A recent report from the House Committee on Oversight and Accountability highlights concerns regarding pharmacy-benefit managers (PBMs), which are directing patients toward higher-cost medications and restricting access to pharmacies.
The investigation, lasting over 32 months, indicated that Medicare patients could potentially save $1.5 billion on ten specific prescription drugs. The report, cited by the Wall Street Journal, was released in anticipation of a hearing featuring executives from the country’s leading PBM firms.

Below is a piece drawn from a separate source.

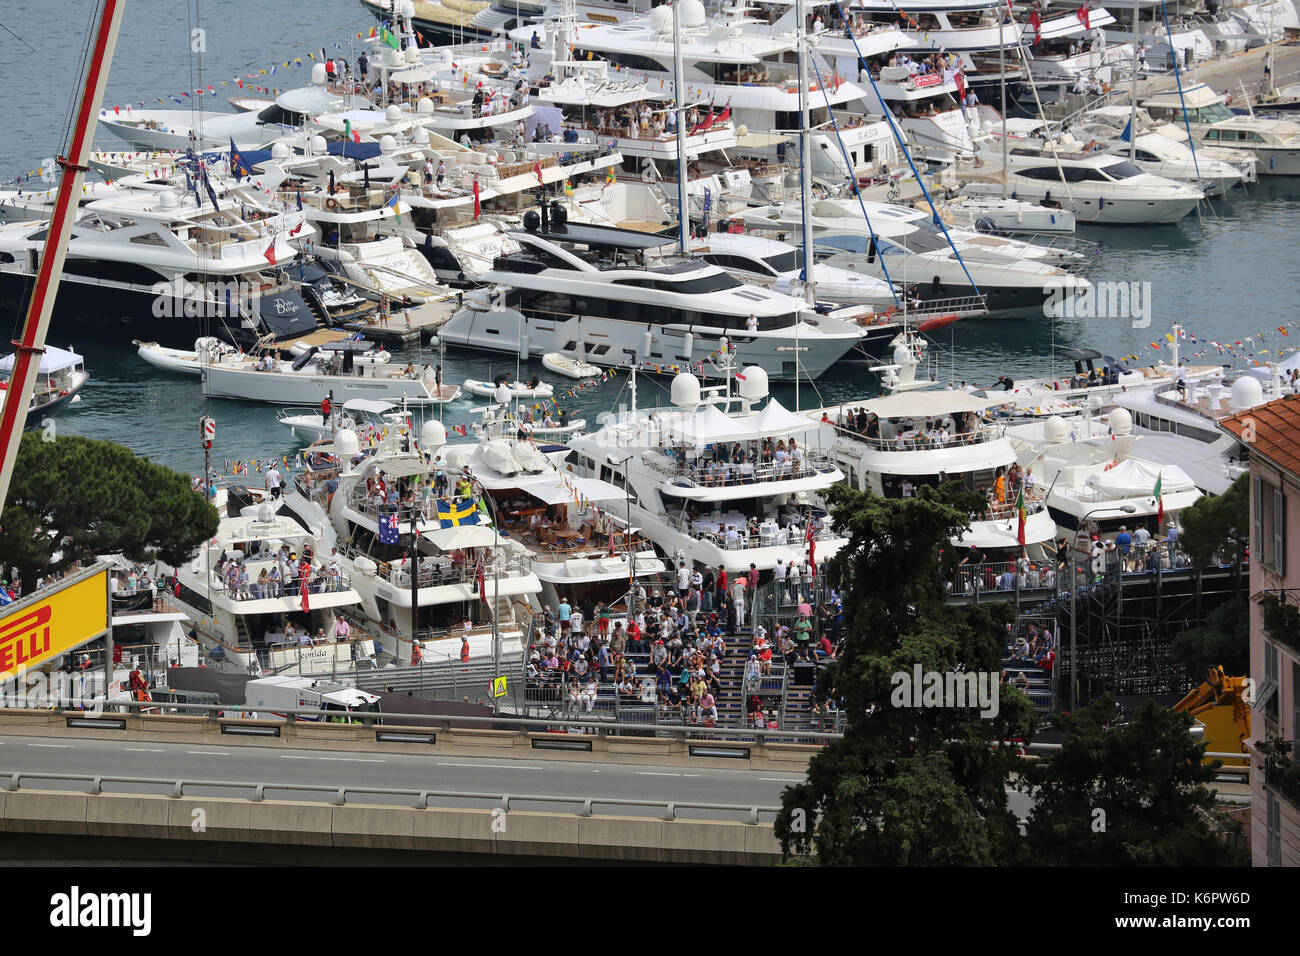 La Condamine, Monaco - May 28, 2016: Luxury Yachts are Parked in the Port Hercule for the Monaco Formula 1 Grand Prix 2016 Stock Photo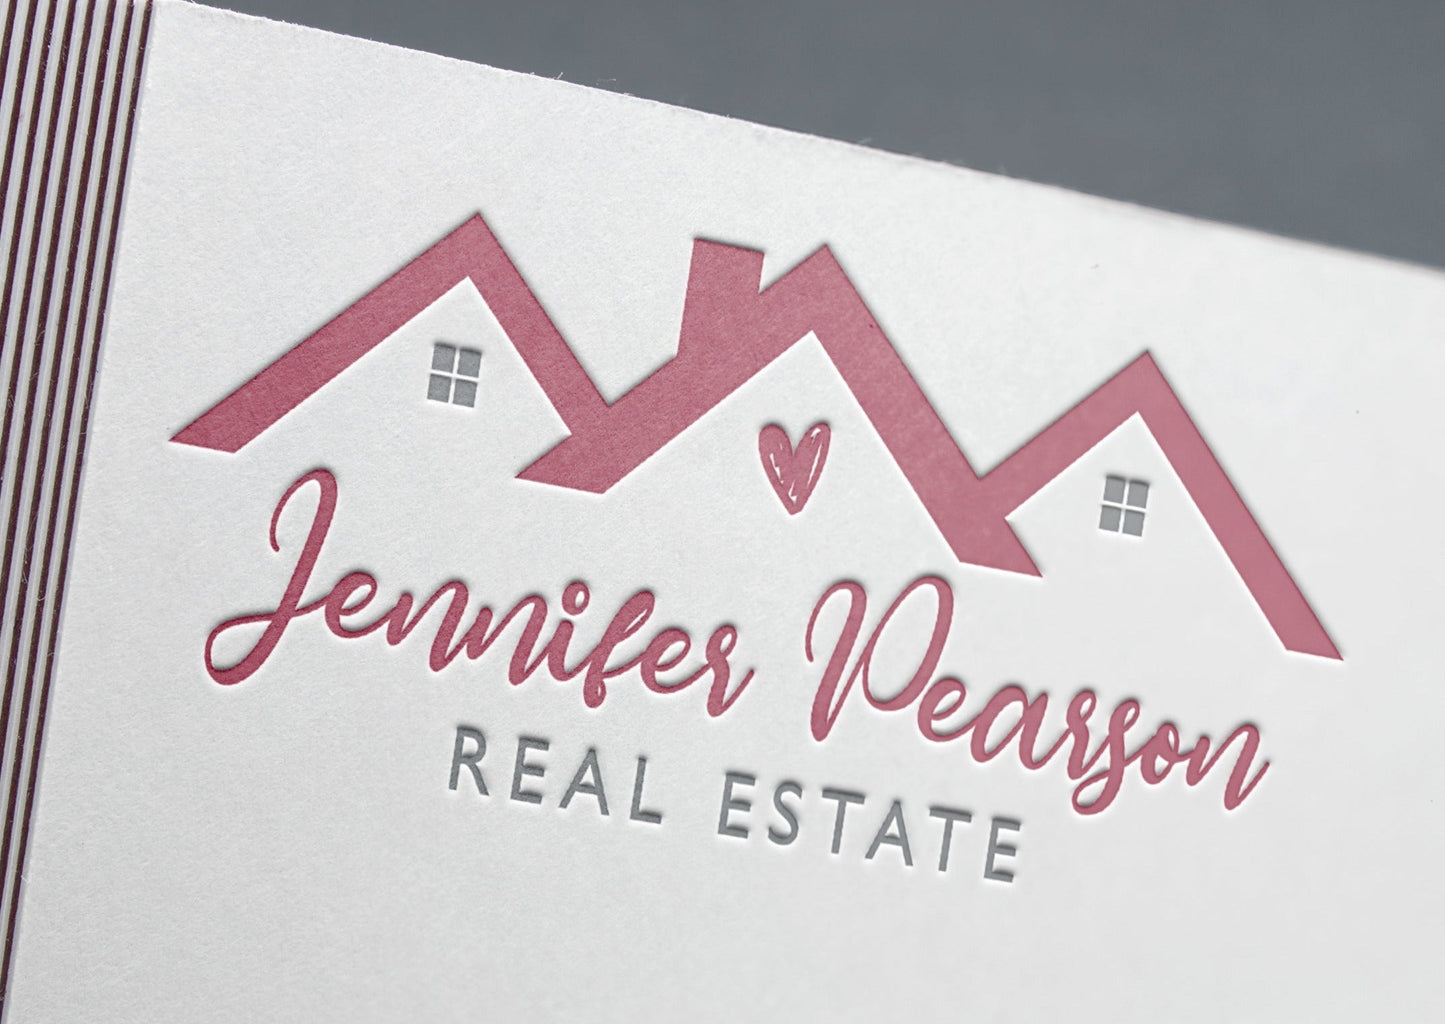 Real Estate Logo Design | Realtor Logo | Personal Branding | Logo Design | Realty | Property Management | Heart Design | Home | House

PBMs operate as intermediaries for prescription drug plans associated with health insurers, negotiating prices with pharmaceutical companies and determining out-of-pocket expenses for patients. The United States’ three largest PBMs—Express Scripts, UnitedHealth Group’s OptumRx, and CVS Health’s Caremark—control around 80% of prescriptions in the country.
The committee’s investigation revealed that these managers often offer preferred drug lists that favor high-cost brand-name drugs over cheaper alternatives. For instance, Cigna staff were found to have discouraged the use of lower-cost alternatives to Humira, a medication for arthritis and autoimmune disorders that had a price tag of $90,000 per year, even though a biosimilar was available for half that amount.
Furthermore, the committee noted that Express Scripts informed patients they would incur higher costs by using local pharmacies compared to obtaining a three-month supply through its affiliated mail-order service, effectively limiting patients’ pharmacy choices.
A similar report from the U.S. Federal Trade Commission (FTC) stated that increased vertical integration has enabled the six largest PBMs to control nearly 95% of all prescriptions in the U.S. This concentration raises alarm over the significant power these PBMs hold over patients’ access to affordable medications. The FTC warned that such a setup leads to conflicts of interest, potentially disadvantaging independent pharmacies and inflating drug costs.
FTC Chair Lina M. Khan remarked on the concerning findings, which suggest that these intermediaries are overcharging patients for cancer treatments, resulting in excess revenue exceeding $1 billion.